Segment Start: STORED DATA

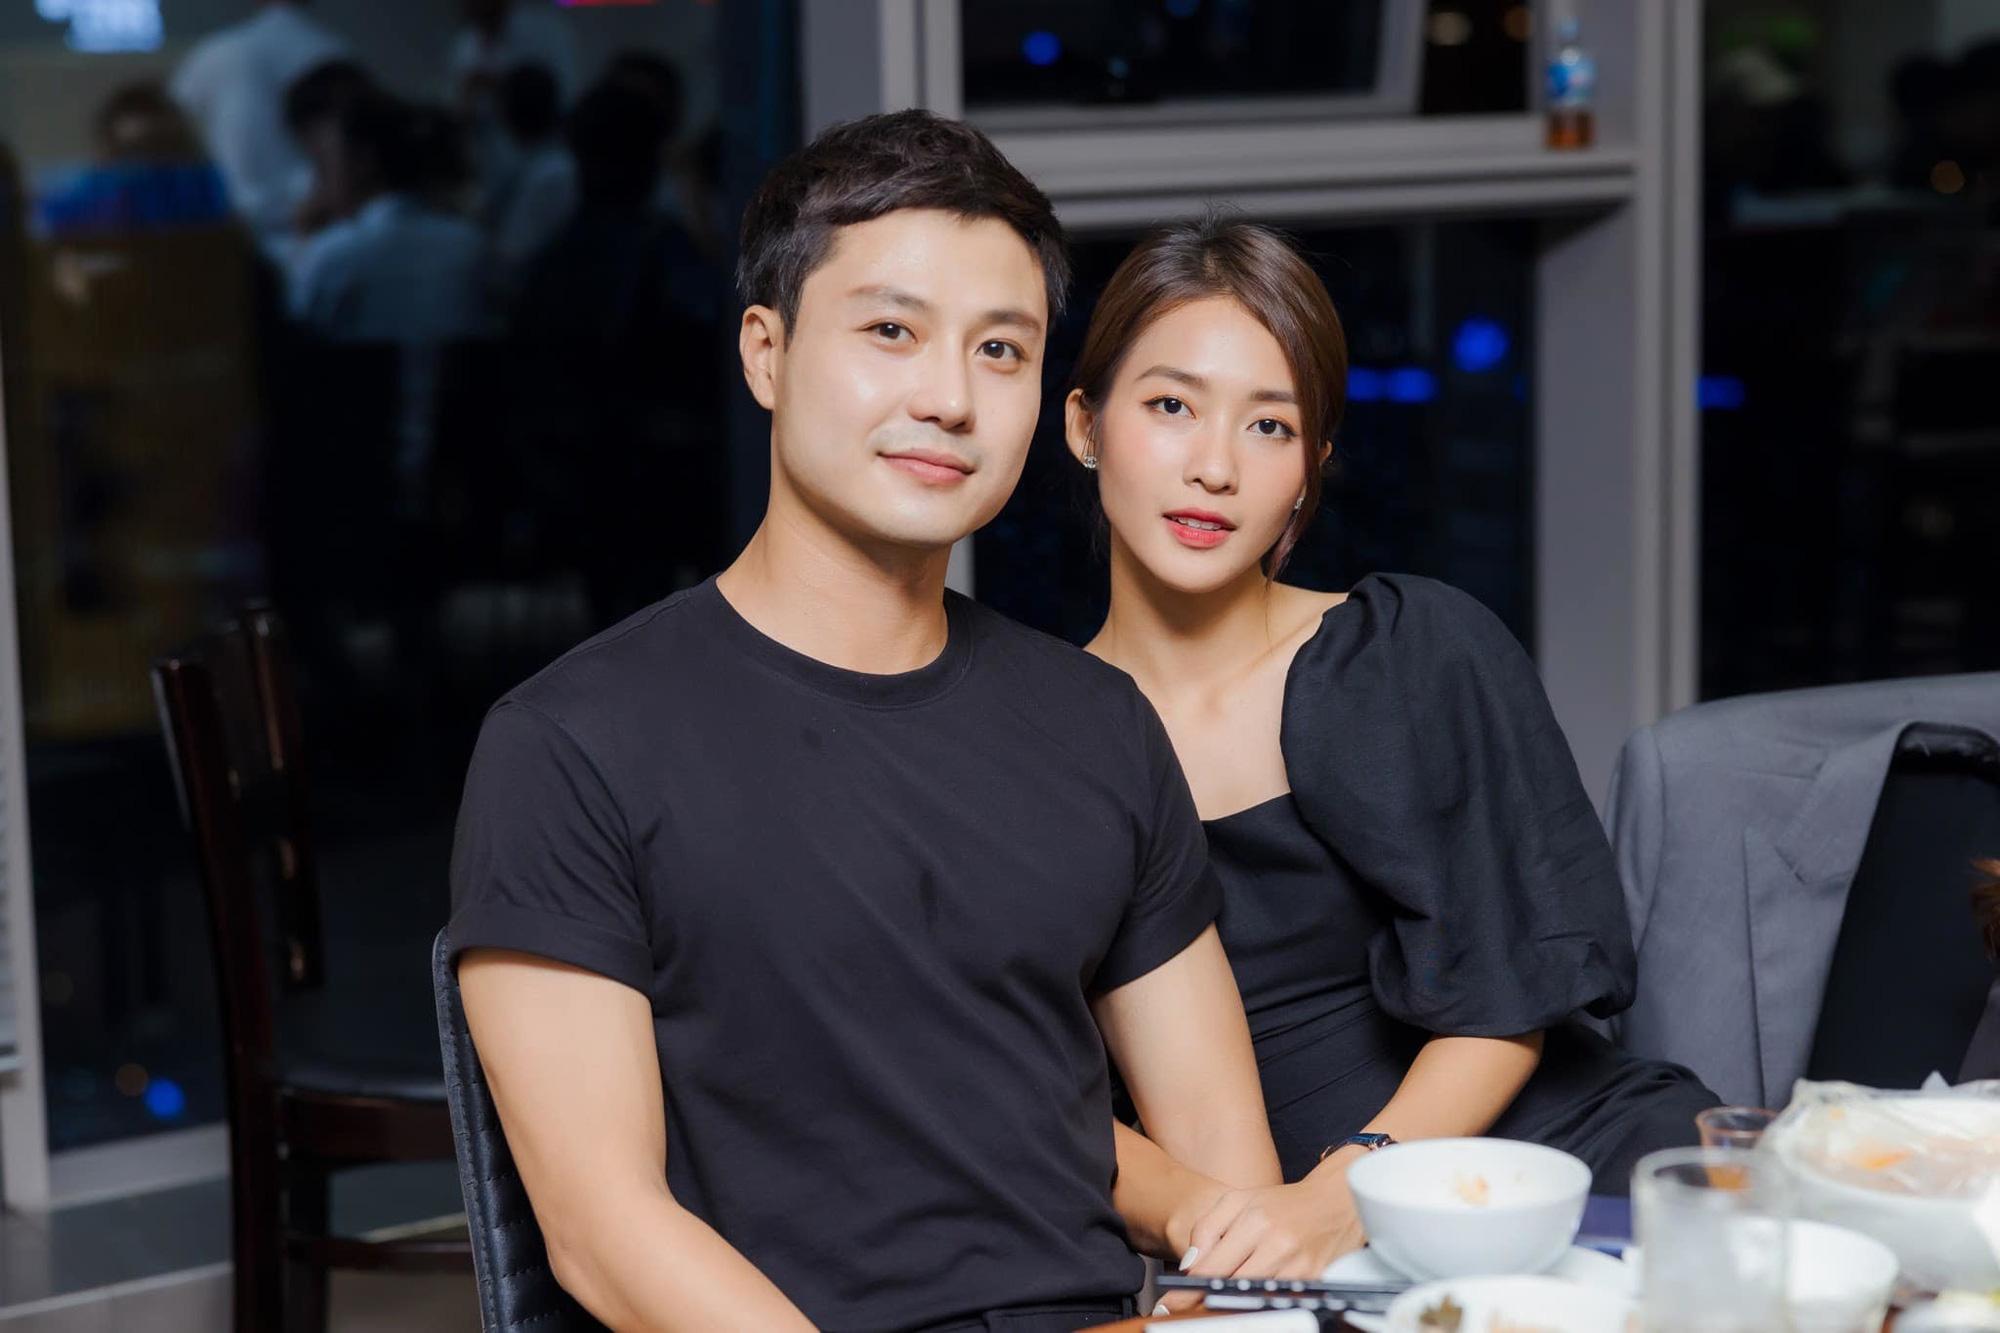 """Thanh Sơn như hình với bóng bên Khả Ngân lộ """"hint"""" hẹn hò, còn """"tình tin đồn"""" Quỳnh Kool thì sao?"""
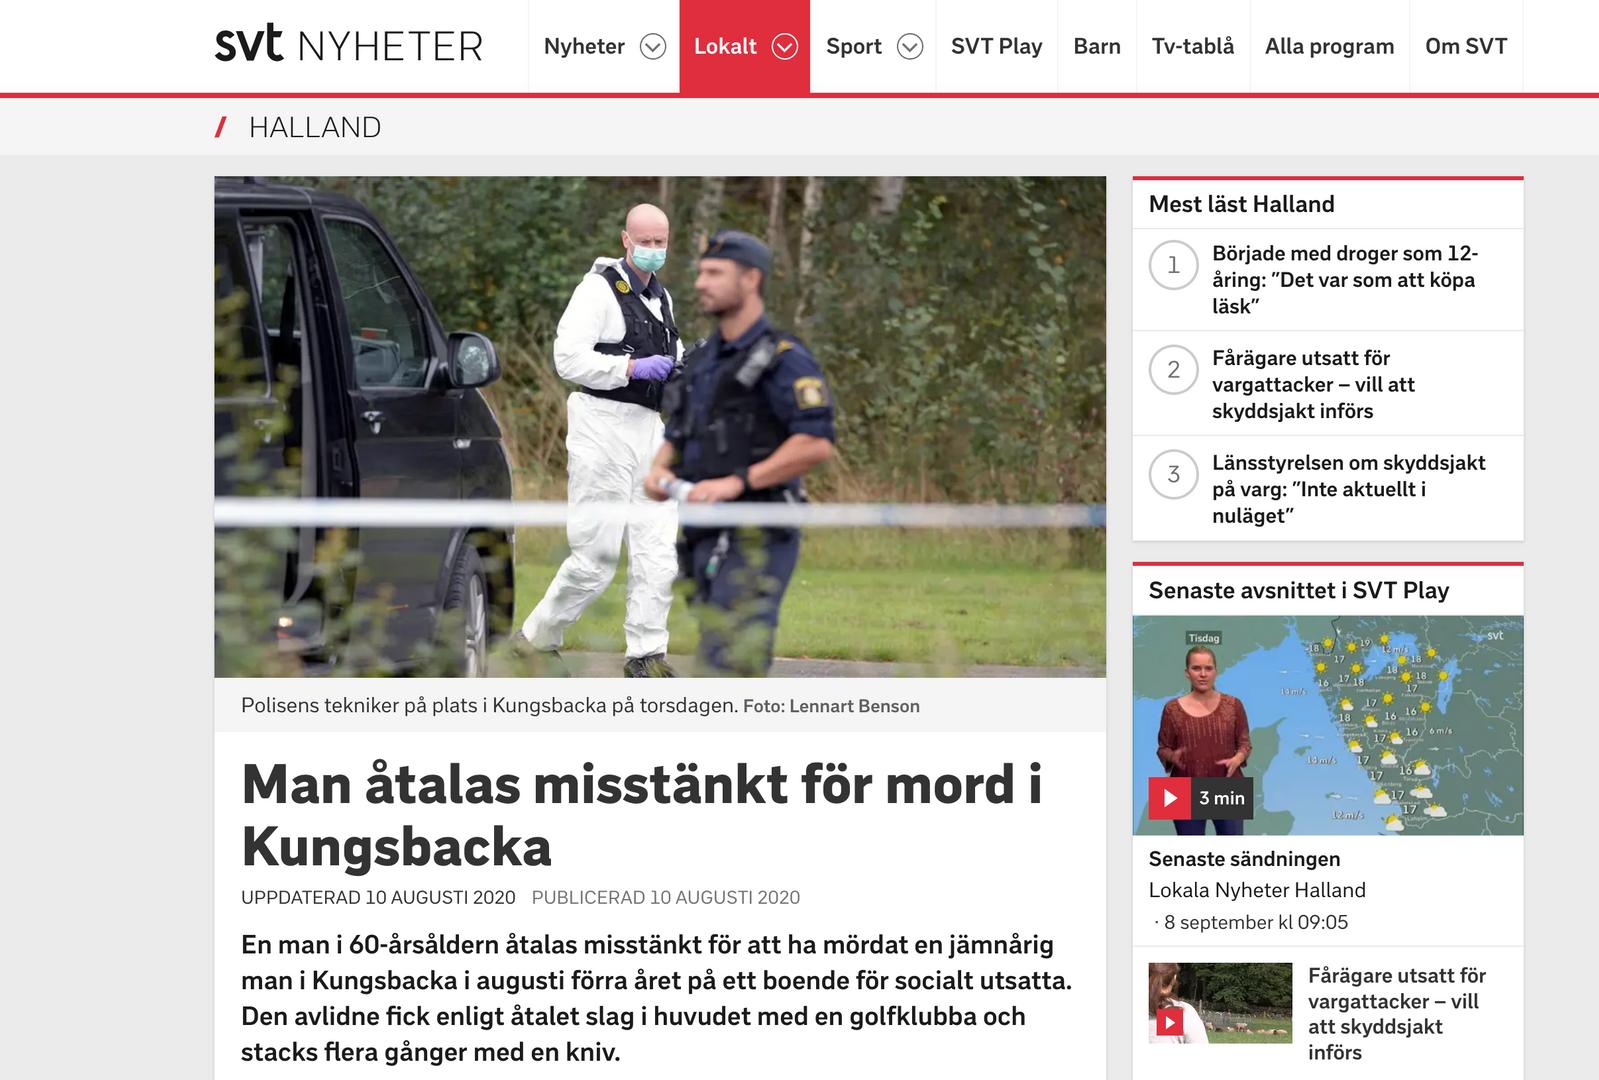 Man åtalas misstänkt för mord i Kungsbacka
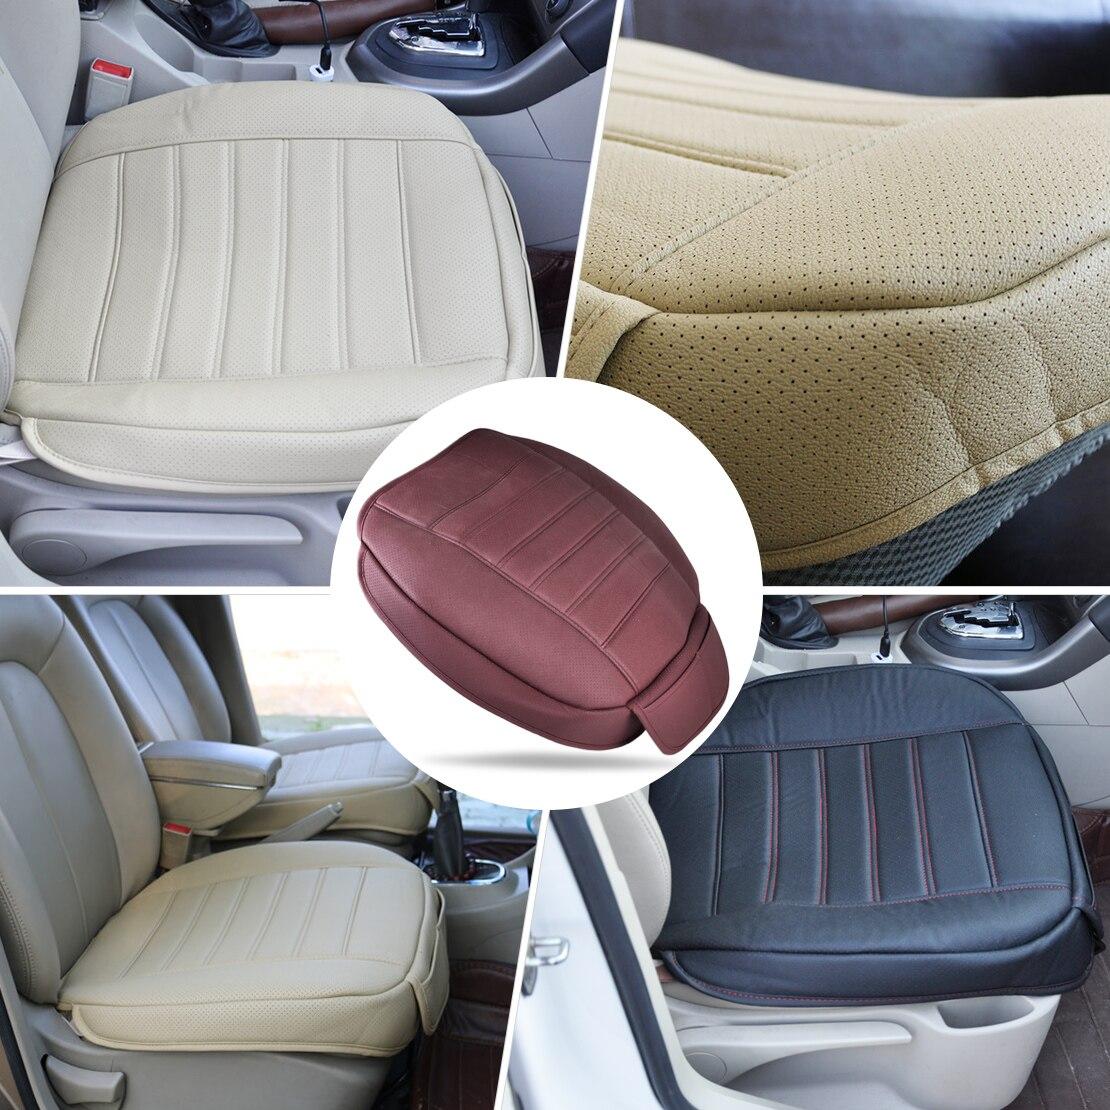 Kia Sorento Car Seat Covers Australia
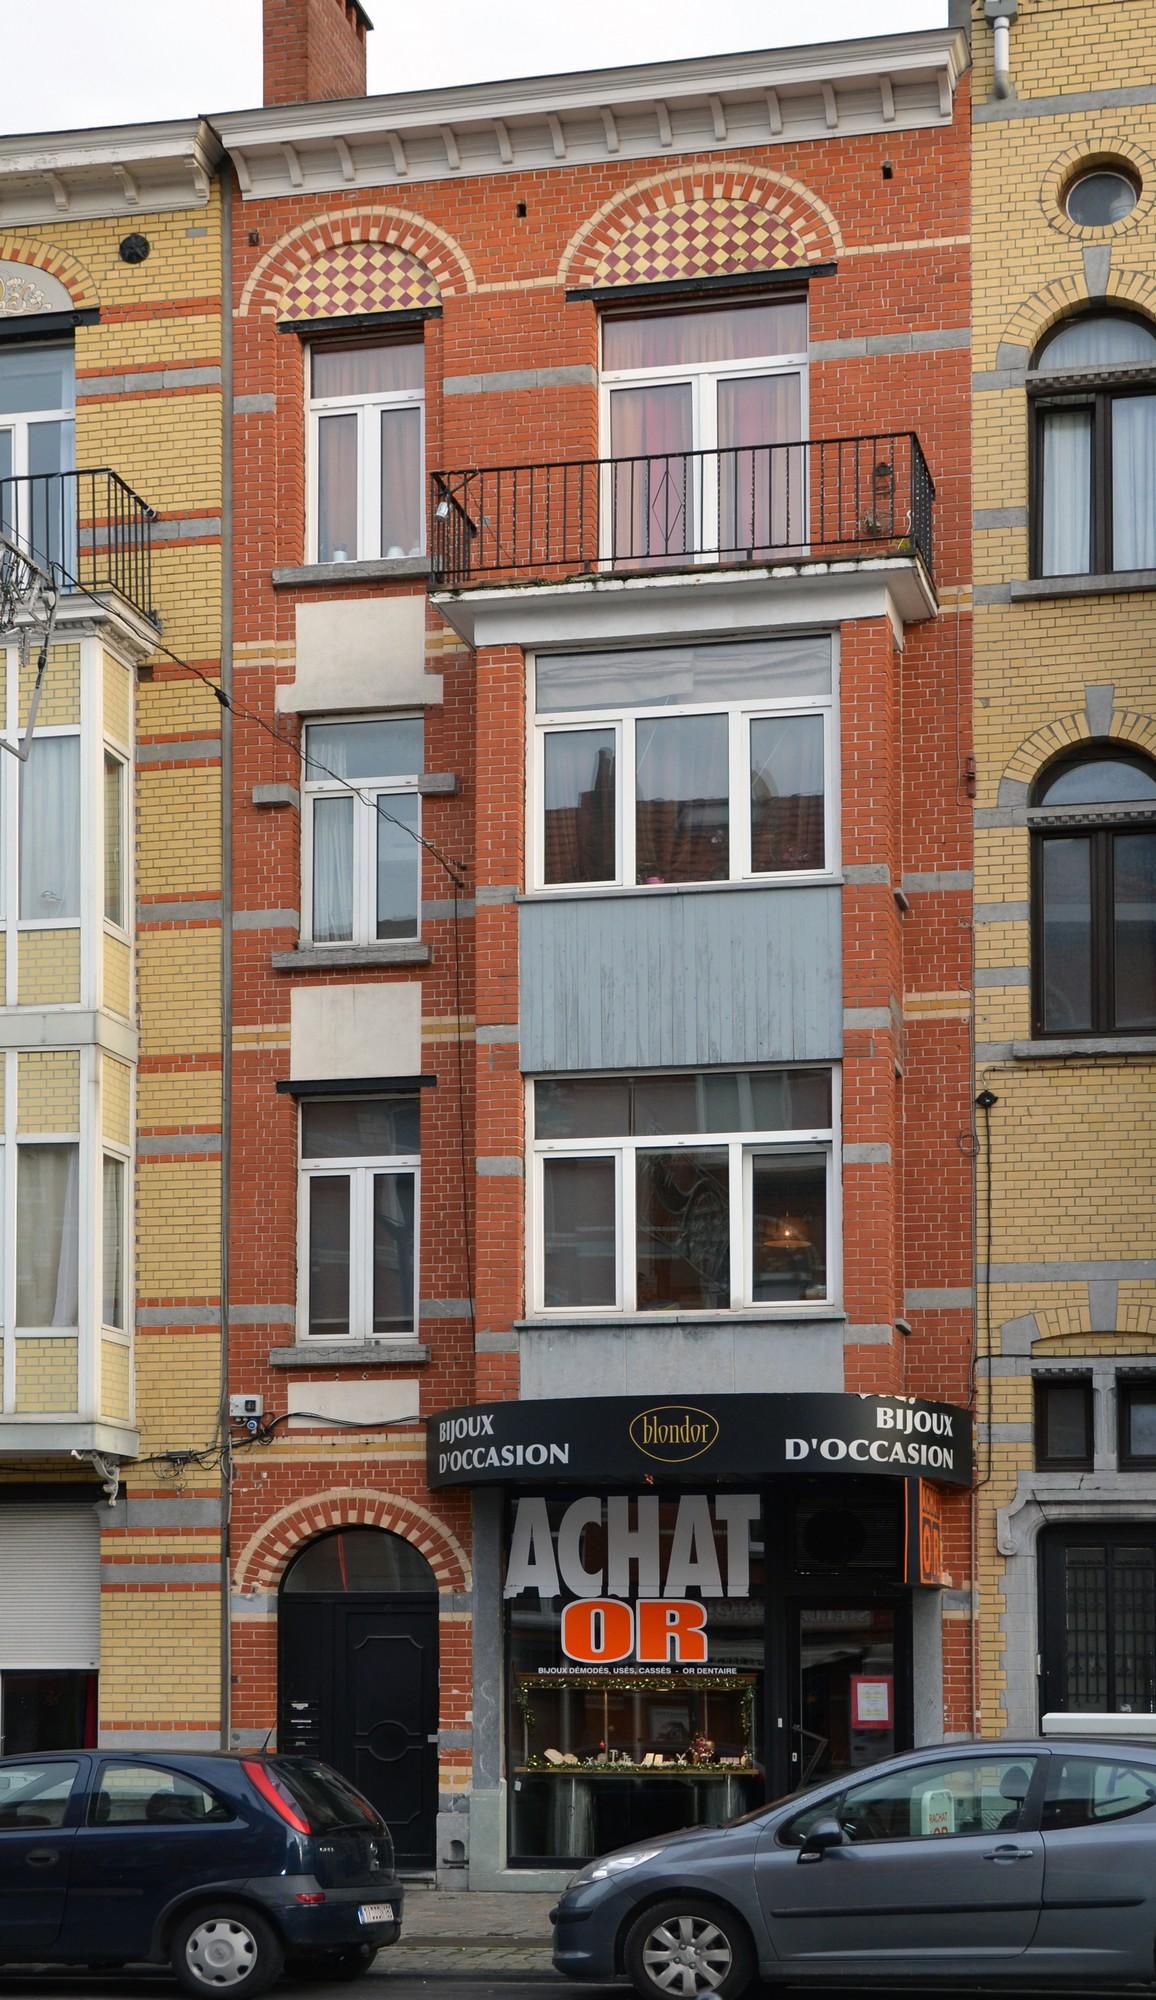 Avenue Chazal 17 Schaerbeek

Segment End: STORED DATA

◆ DIRECTIONS FOR THIS TASK ◆
Whenever you reach a picture, pass over it; print all the other material exactly.

◆ EXPECTED OUTPUT ◆
 """Thanh Sơn như hình với bóng bên Khả Ngân lộ """"hint"""" hẹn hò, còn """"tình tin đồn"""" Quỳnh Kool thì sao?"""
 Man åtalas misstänkt för mord i Kungsbacka
 Kia Sorento Car Seat Covers Australia
 Avenue Chazal 17 Schaerbeek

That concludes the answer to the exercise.